Kukris come in all shapes and sizes but the biggest thing that makes them such effective choppers is the forward balance and the distance the edge sits forward of the grip axis during the swing, much like the bit of an axe. This dynamic can be achieved in a lot of different ways, and the kukri is just one of them. The forward curve can cause some clearance issues under certain circumstances, but this is mostly noticed when trying to cut against an anvil surface like a chopping block. I generally prefer thinner kukris than tend to be en vogue these days. Their relatively short length and heftiness predisposes them to cutting thicker woody targets rather than lithe branches or woody-stemmed weeds, let alone lush vegetation. If you mostly plan on encountering woody targets it's a great choice, but the low tip velocity you get out of them needs to be considered if you need it for any vegetation-slashing work. As in all things, there are advantages and disadvantages to every design consideration.
 
Kukris come in all shapes and sizes but the biggest thing that makes them such effective choppers is the forward balance and the distance the edge sits forward of the grip axis during the swing, much like the bit of an axe. This dynamic can be achieved in a lot of different ways, and the kukri is just one of them. The forward curve can cause some clearance issues under certain circumstances, but this is mostly noticed when trying to cut against an anvil surface like a chopping block. I generally prefer thinner kukris than tend to be en vogue these days. Their relatively short length and heftiness predisposes them to cutting thicker woody targets rather than lithe branches or woody-stemmed weeds, let alone lush vegetation. If you mostly plan on encountering woody targets it's a great choice, but the low tip velocity you get out of them needs to be considered if you need it for any vegetation-slashing work. As in all things, there are advantages and disadvantages to every design consideration.
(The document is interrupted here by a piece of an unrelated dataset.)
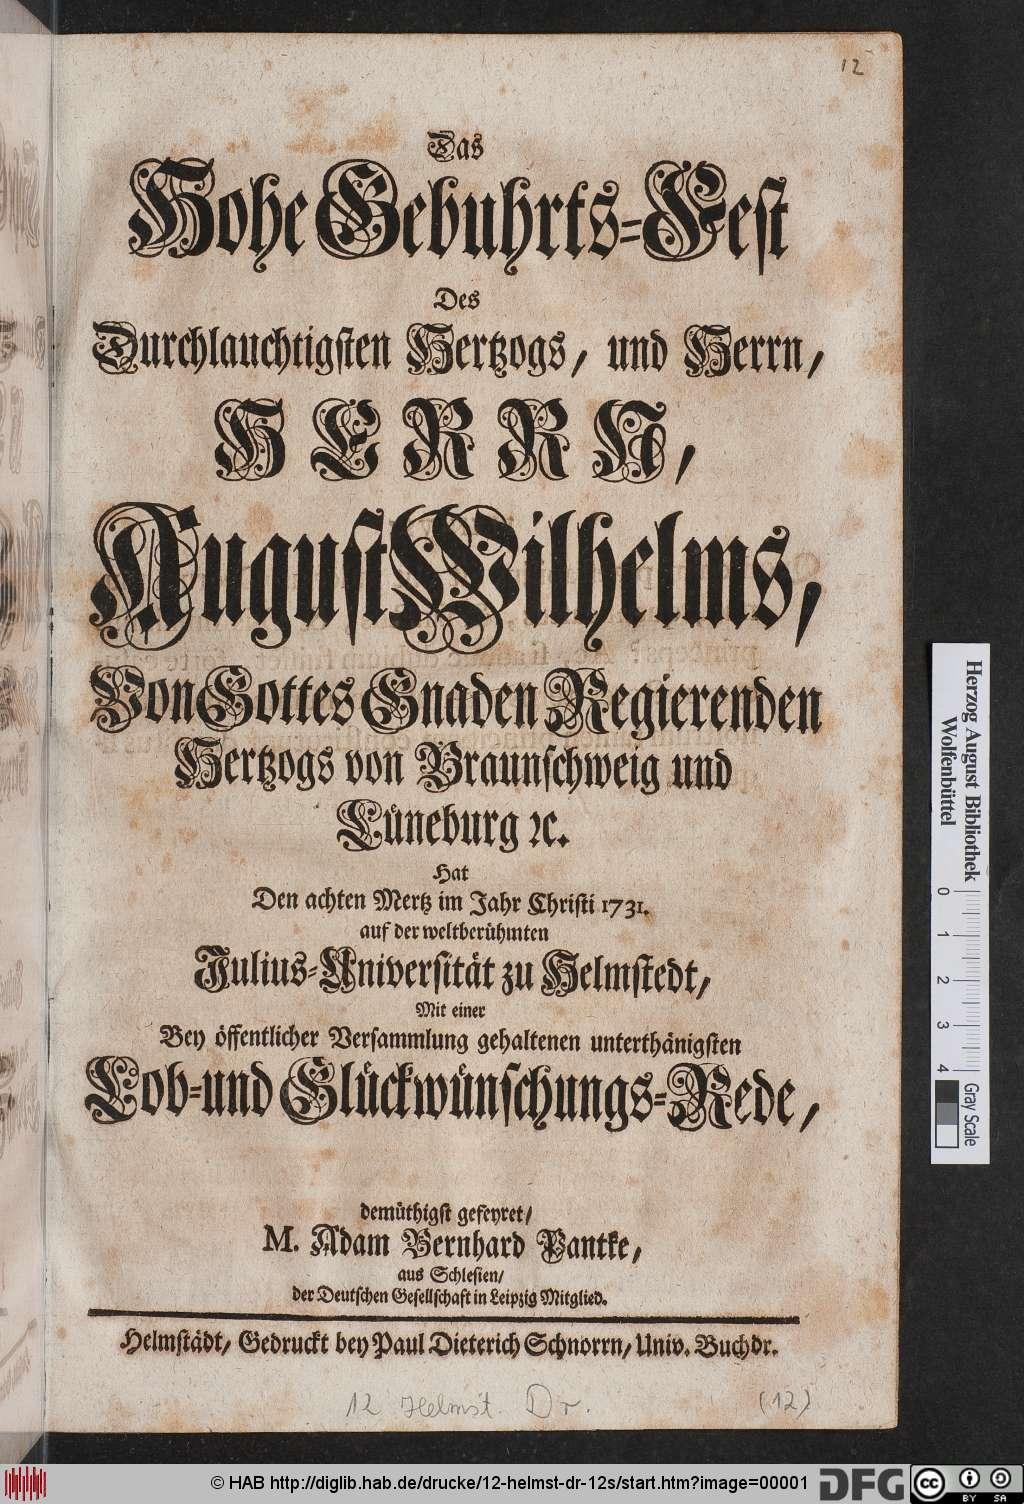 http://diglib.hab.de/drucke/12-helmst-dr-12s/00001.jpg
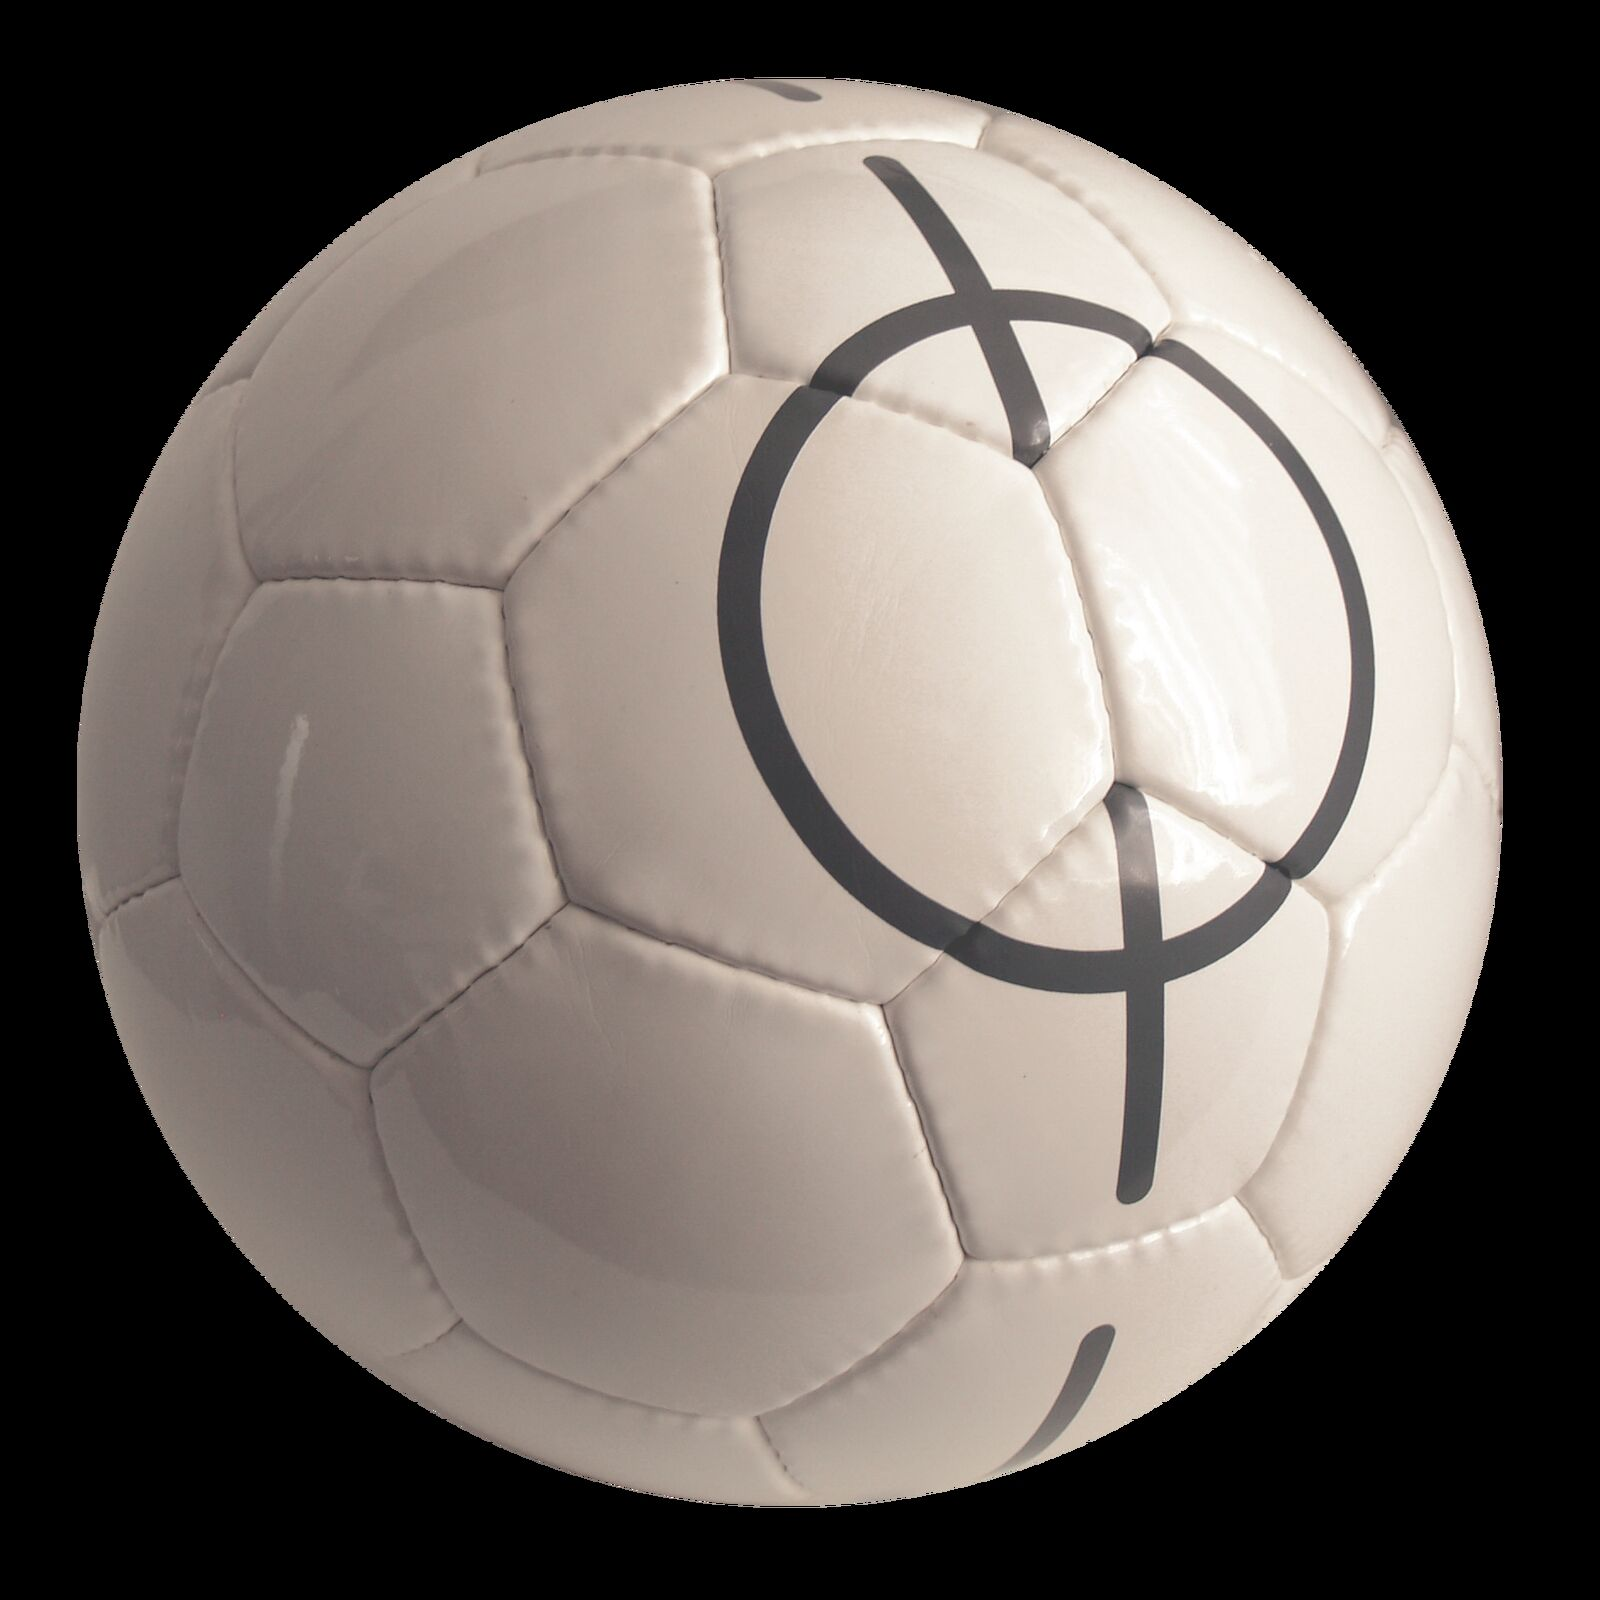 5x DERBYSTAR Fußball Blanko Gr. 5

I'm not sure if I should be pleased that you agree with me, or annoyed that you sounded so darn much smarter saying it. ;)
 
The CS Gurkha is a very versatile khukuri. It chops very well and also slashes light vegetation due to the FFG. The weight and balance are superb. It won't beat a machete at clearing light brush and vines, but it's a nice middle ground blade.
 
I'm not sure if I should be pleased that you agree with me, or annoyed that you sounded so darn much smarter saying it. ;)

Hahaha--a lot of it comes down to the mechanism by which a particular target is best cut. Woody targets are cut through impulse (energy over time) and setting the blade forward of the axis of the grip increases that impulse. With light targets (including both woody-stemmed plants and lush vegetation) they're best cut at high velocity so that the force is imparted to the target before inertia is overcome and the target just slips off the blade. Long blades have higher tip velocity, and lighter ones are easier to accelerate rapidly.
 
Hahaha--a lot of it comes down to the mechanism by which a particular target is best cut. Woody targets are cut through impulse (energy over time) and setting the blade forward of the axis of the grip increases that impulse. With light targets (including both woody-stemmed plants and lush vegetation) they're best cut at high velocity so that the force is imparted to the target before inertia is overcome and the target just slips off the blade. Long blades have higher tip velocity, and lighter ones are easier to accelerate rapidly.

I hear you. The physics behind knives has really taken over as one of the major things that interests me in the hobby as I know more about it. My thoughts on blade geometry and cutting efficiency have changed drastically over the past two or so years.
 
I have a khukri but consider it a wood chopper only. Due to it's heft, it tires me quickly. I think a hatchet is a more efficient chopper. Actually, I much prefer a saw.

As for clearing brush, I use a very thin bladed Condor machete. Very lightweight and fast.